Le chef d'oeuvre de Bedrich Smetana revient au répertoire du Théâtre national
Le 27 novembre a eu lieu au Théâtre national de Prague la première d'une nouvelle production de l'opéra, "Le Secret", de Bedrich Smetana. Bien que cet opéra ait été écrit par le compositeur vers la fin de sa vie, à l'époque où il était malade et pratiquement sourd, on peut le considérer comme un des sommets de l'ensemble de son oeuvre et probablement son opéra le plus achevé.

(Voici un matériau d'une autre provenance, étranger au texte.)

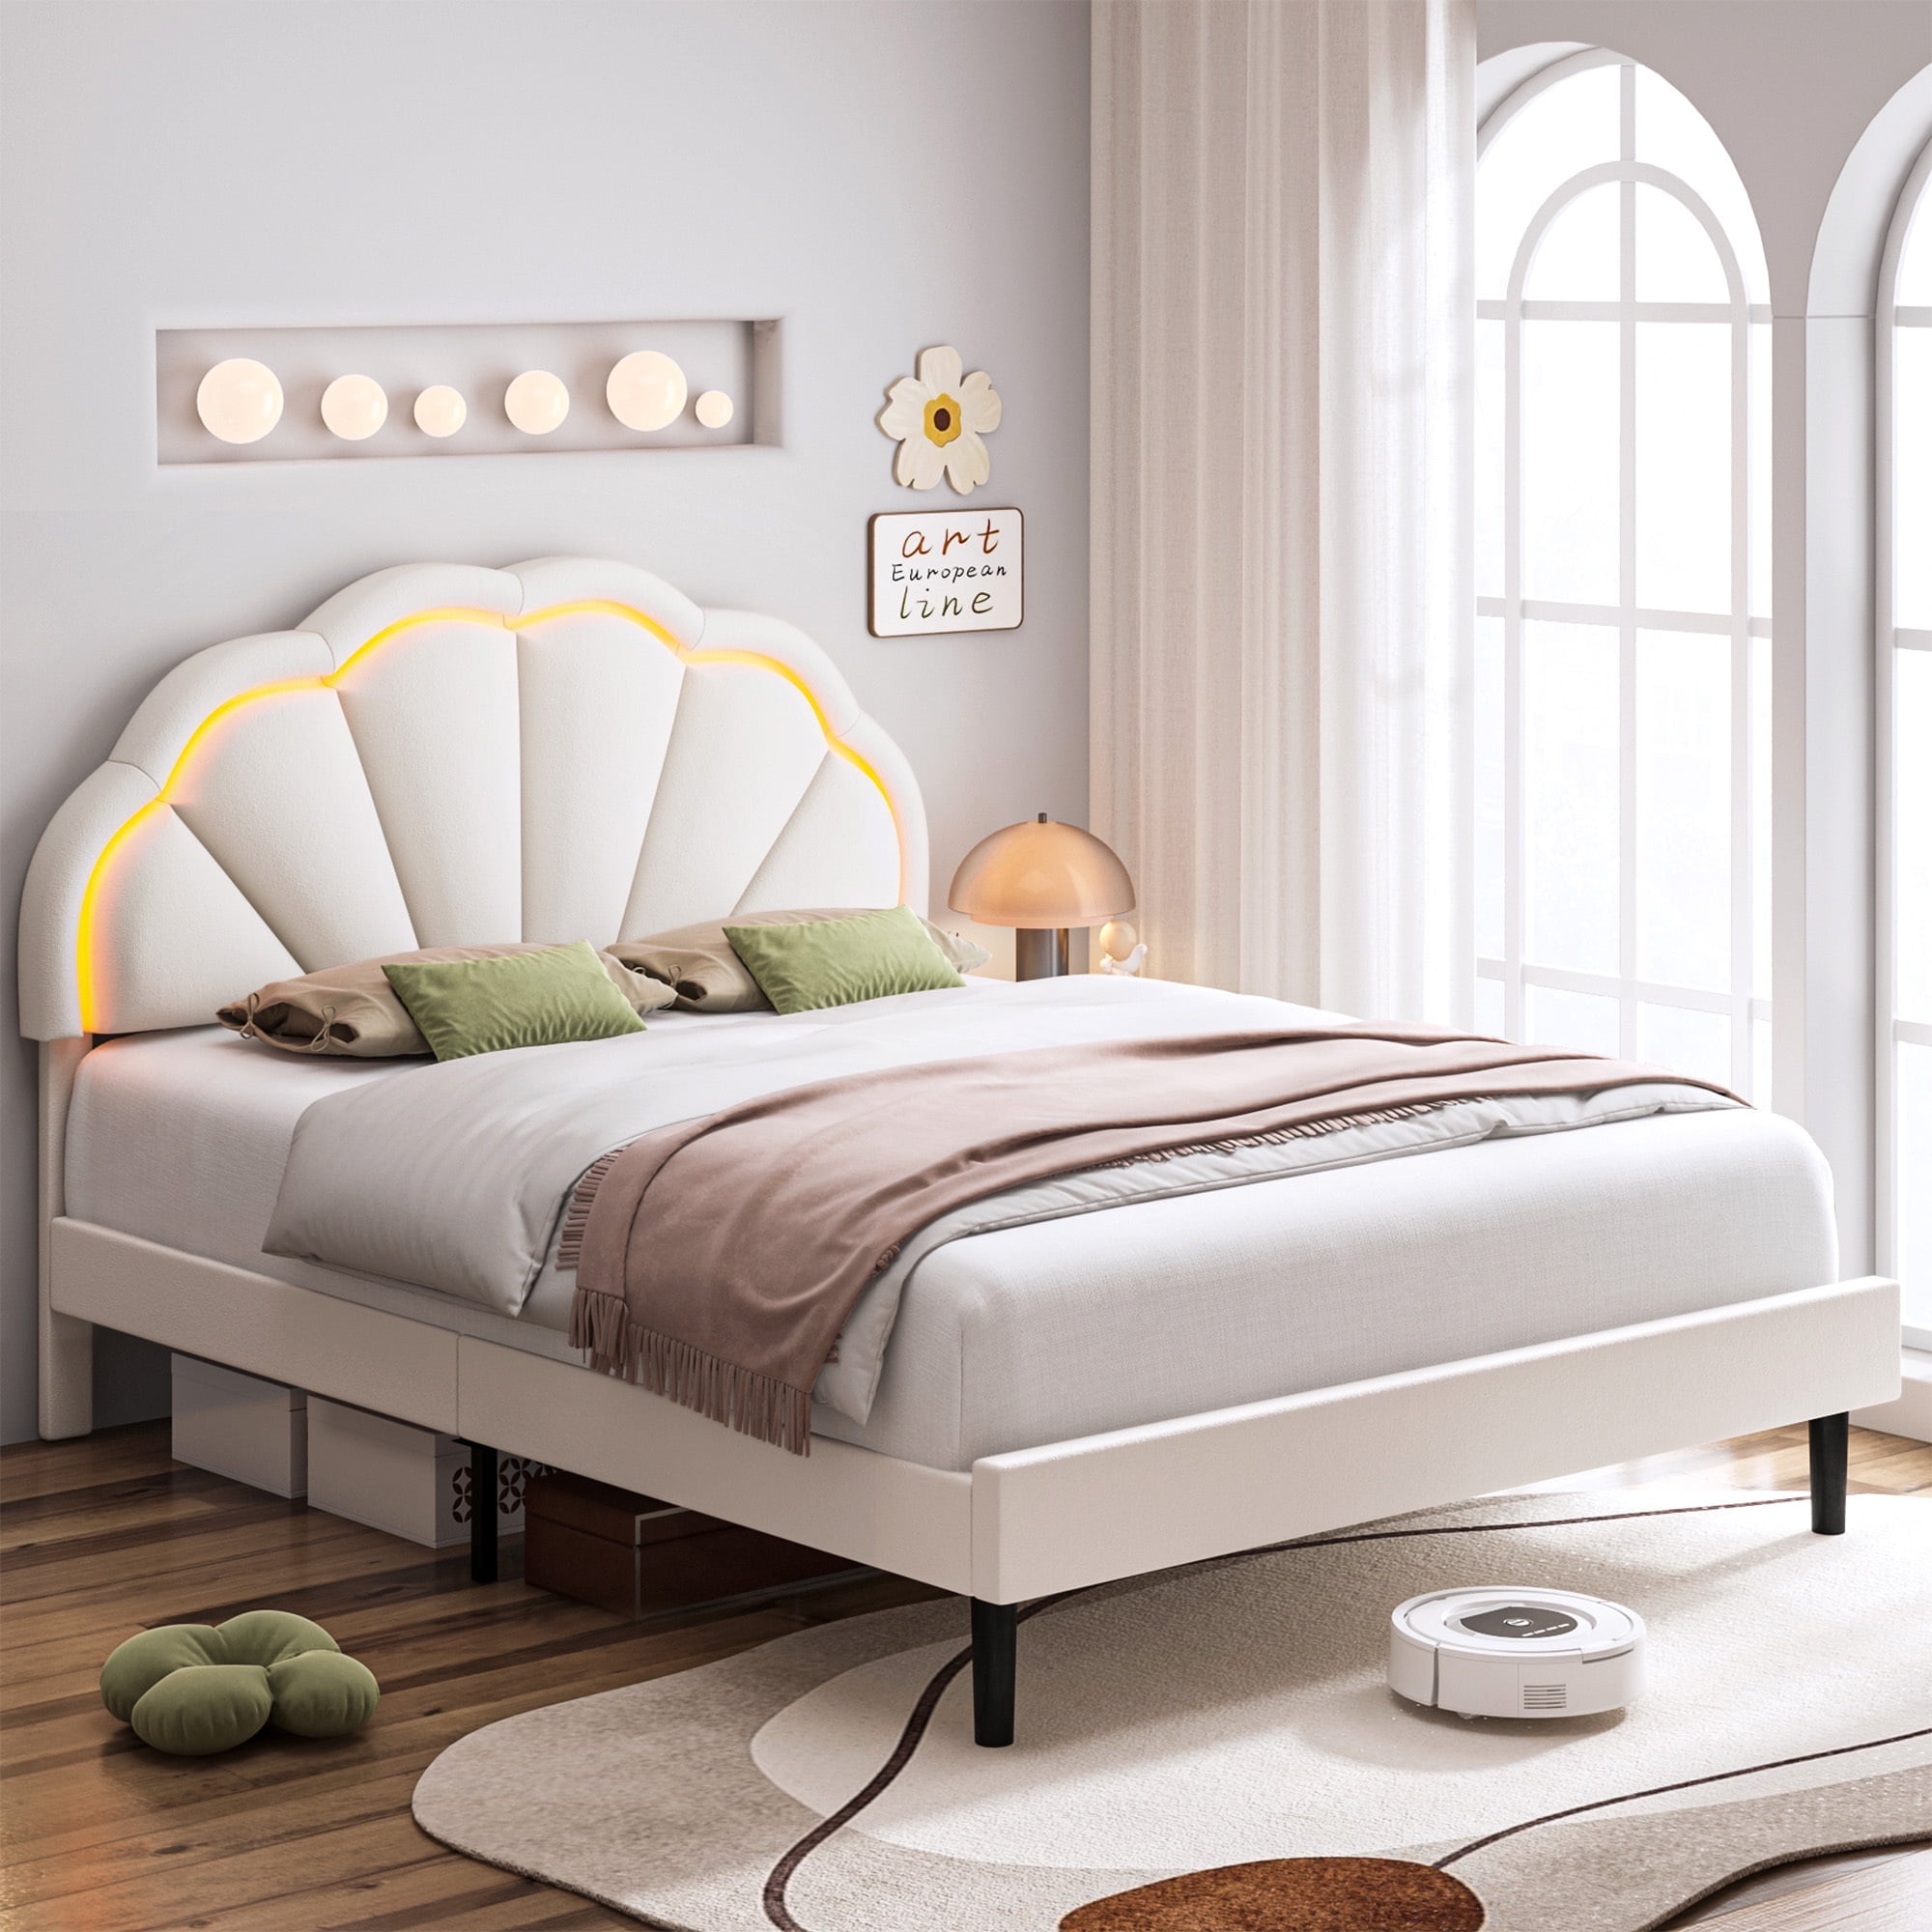 Homfa LED Bed Frame, Queen Size Bed for Kids Girls, Velvet Upholstered Platform Bed with Adjustable Headboard, Off-White

Smetana voulait composer un opéra comique et Eliska Krasnohorska, auteur du livret, a imaginé une histoire qui ne manque pas de situations amusantes. L'opéra évoque tout de même aussi des moeurs et des passions qui en font une image de la vie beaucoup plus complexe. A cette image de la vie, la musique de Smetana donne une force, une saveur et une profondeur qui ne cesse de subjuguer et d'émouvoir le public. Au-delà du récit d'une hostilité entre deux échevins d'une petite ville tchèque, l'opéra raconte surtout deux histoires d'amours. D'une part l'amour de Roza, une femme mûre délaissée jadis par un des échevins qu'elle n'a pourtant jamais cessé d'aimer. D'autre part l'histoire amoureuse de Vit et Blazenka qui ont le malheur d'être le fils et la fille des deux échevins qui se haïssent. Les jeunes amants ressemblent un peu à Roméo et Juliette de Shakespeare, mais leur histoire aboutit à un dénouement heureux. A tout cela, on a ajouté quelques personnages typiques de petite ville et le choeur de citadins. Et c'est avant tout la curiosité, le désir de s'amuser et les superstitions de ces citadins, témoins des hostilités et des amours des héros de l'histoire, qui donnent à l'opéra son aspect comique.
La dernière production du Théâtre national est une tentative de jeter un regard moderne sur ce chef-d'oeuvre. Le scénographe Daniel Dvorak a situé l'action dans un espace vide où la silhouette de la petite ville dominée par les ruines d'un château est dessinée par des tubes de néon. La mise en scène de Jiri Nekvasil n'arrive cependant pas à développer et à soutenir l'intrusion de l'élément moderne dans cette oeuvre déjà classique. Il reste donc la musique et les voix des chanteurs pour ressusciter la magie de cet opéra. Zdenek Plech et Roman Janal dans les rôles des deux échevins, Jana Sykorova qui incarne Roza, Tomas Cerny dans le rôle de Vit et Yvetta Jirikova dans celui de Blazenka ont été à la hauteur de leur tâches, ont su être convaincants sur la scène et ont permis au public de savourer les beautés de la partition. L'orchestre dirigé par un jeune chef, Zbynek Müller, était plein de tempérament, mais il lui faudrait un peu plus de retenue parce qu'il avait parfois la tendance à couvrir les voix. Malgré ces quelques remarques critiques, le résultat de ce travail mérite d'être vu et entendu. Il démontre entre autres que « Le Secret » de Smetana reste vivant et passionnant bien qu'il ait été créé en plein XIXe siècle.